Reputation: 93
keywordexist = false;
try {
res = Jsoup
.connect(
bingSearchUrl.replaceAll("keyword", "intitle:\""
+ keyword + "\""))
.userAgent(
"Mozilla/5.0 (Windows NT 6.2; WOW64) AppleWebKit/537.15 (KHTML, like Gecko) Chrome/24.0.1295.0 Safari/537.15")

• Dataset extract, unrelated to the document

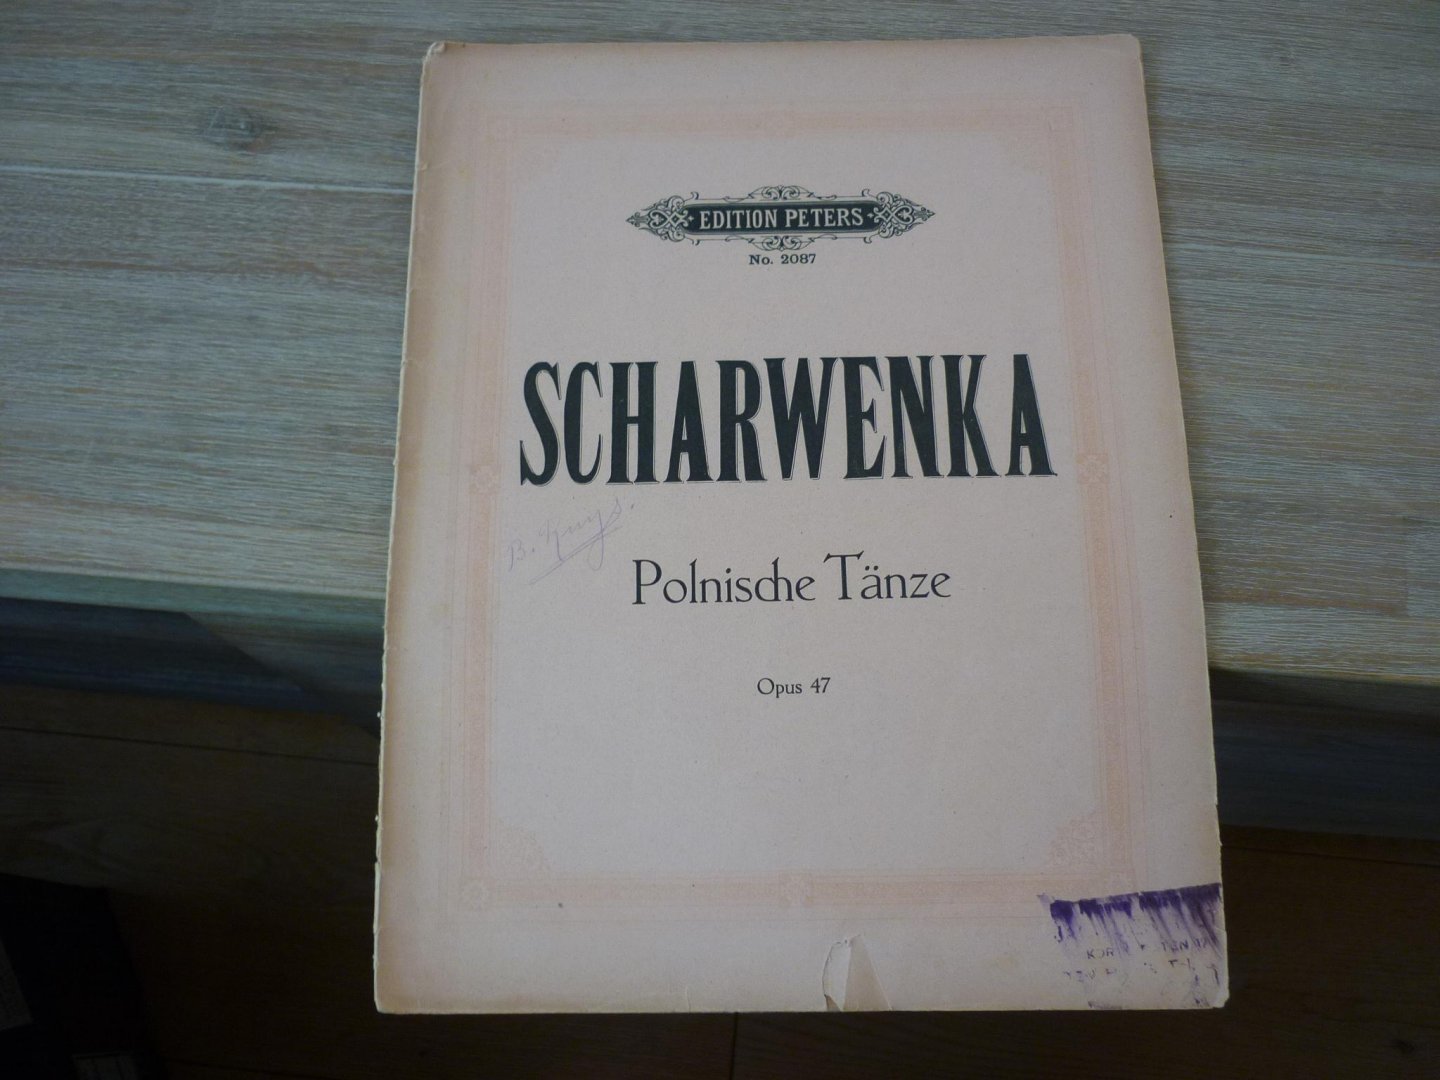 Scharwenka; Xaver - Vier Polnische Tanze; Opus 47 Fur Pianoforte

.referrer("http://www.bing.com")
.method(Connection.Method.GET).execute();
doc = res.parse();
System.out.println(bingSearchUrl.replaceAll("keyword", "intitle:\""
+ keyword + "\""));
elements = doc.select("li[class^=b_algo]");
System.out.println(doc.html());
System.out.println(elements.html());
// String divContents =
// doc.select(".id-app-orig-desc").first().text();
// elements.remove("div");
if (elements.html().contains("<strong>" + keyword + "</strong>")) {
keywordexist = true;
System.out.println("keyword exists");
}
} catch (IOException e) {
// TODO Auto-generated catch block
e.printStackTrace();
}
I'm trying to use jsoup to check a list of keywords I have in Bing Search but whenever I run my program jsoup will always connect to Bing's captcha page, is there any way I can avoid this? I thought this would be remedied by adding a useragent and referrer but it doesn't seem to have any effect.
Upvotes: 3
Views: 1445
Reputation: 43013
I used a code similar to yours and get all the results. However here are two points I noticed:
I think you should slow down between two searches. For example, add a random pause from 3000 to 5000 ms.
Don't forget to escape the query parameters
String bingSearchUrl = "http://www.bing.com/search?q=keyword";
String keyword = "stackoverflow jsoup";
String uaString = "Mozilla/5.0 (Windows NT 6.2; WOW64) AppleWebKit/537.15 (KHTML, like Gecko) Chrome/24.0.1295.0 Safari/537.15";
String url = bingSearchUrl.replaceAll("keyword", URLEncoder.encode("intitle:\"" + keyword + "\"", "UTF-8"));
Document doc = Jsoup.connect(url).userAgent(uaString).get();
System.out.println(doc.select("li h2"));
Upvotes: 2